John Samuel Caskie (November 8, 1821 - December 16, 1869) was a nineteenth-century congressman, lawyer, judge and Confederate soldier from Virginia.

==Early life and education==
Born at Manchester (now a neighborhood in Richmond, Virginia), to the former Eliza Randolph Pincham and her husband James Caskie. This boy was the eldest of seven children, with six younger sisters and a much younger brother James who eventually moved to Fauquier County, Virginia. Their father James Caskie and his brother John Caskie had emigrated from Scotland as representatives of a tobacco exporting commercial firm in county Ayr, with John settling in Lynchburg and James near Richmond, where he eventually became president of the Bank of Virginia located there.

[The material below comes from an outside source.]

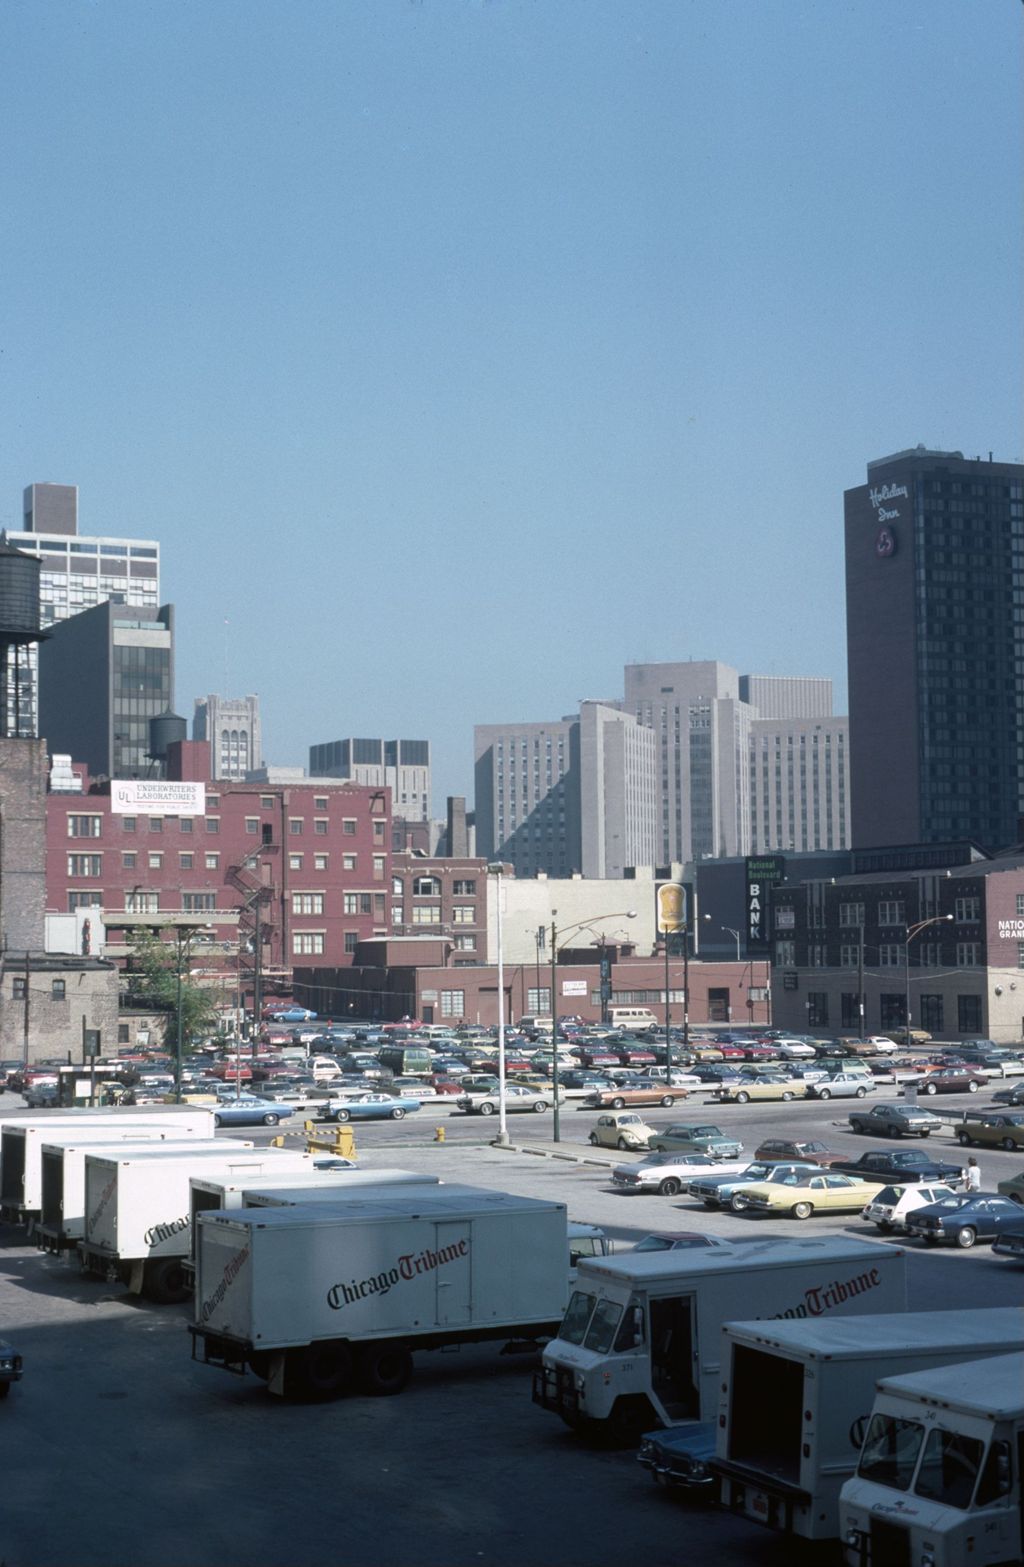 Parking lots and Near North Side buildings

Young John Caskie received a private education locally and entered the University of Virginia in 1838. He graduated with a M.A. degree in 1841, then read law. However, his health was never robust, and he traveled to Europe with a cousin in 1842.

==Career==

Admitted to the Virginia bar circa 1843, Caskie began a legal practice in Richmond. In December 1845, Judge Philip Norborne Nicholas appointed him Commonwealth attorney (prosecutor) for Richmond and Henrico County. On March 14, 1850, the Virginia General Assembly elected Caskie to replace the deceased Judge Nicholas as judge of the Richmond and Henrico circuits, but he resigned the position after about 18 months to run for Congress. In the 1850 census, 29 year old Caskie owned no slaves but real estate valued at $1000 in Richmond and lived with his wife (as discussed below) as well as a slightly younger lawyer, Marmaduke Johnson (age 25, possibly his brother in law) and a 19-year-old woman, Harriet Chapman, who may have been a servant or boarder.

Politically a follower of John C. Calhoun, and protege of James Alexander Seddon (who served 2 terms in Congress and eventually became the CSA Secretary of War), Caskie delivered stump speeches for states rights Democrats beginning in 1842, despite the initial political dominance of the Whig part in Richmond and vicinity. When Seddon withdrew from the 1850 congressional campaign, Caskie eagerly took his place and was elected a Democrat to the United States House of Representatives for the Virginia's 6th congressional district in a close 3-way race defeating incumbent John Minor Botts . Despite congressional redistricting following the 1850 census, Caskie was re-elected three times from what had become the Virginia's 3rd congressional district (comprising Caroline, Chesterfield, Goochland, Hanover, Henrico, King William and Goochland Counties). He played an important behind-the scenes role in passage of the Kansas-Nebraska Act, and rose to become a senior member of the Committee on the Judiciary during the last three Congresses in which he served. However, in 1858, Caskie was defeated for re-election in the Democratic primary by Daniel Coleman DeJarnette.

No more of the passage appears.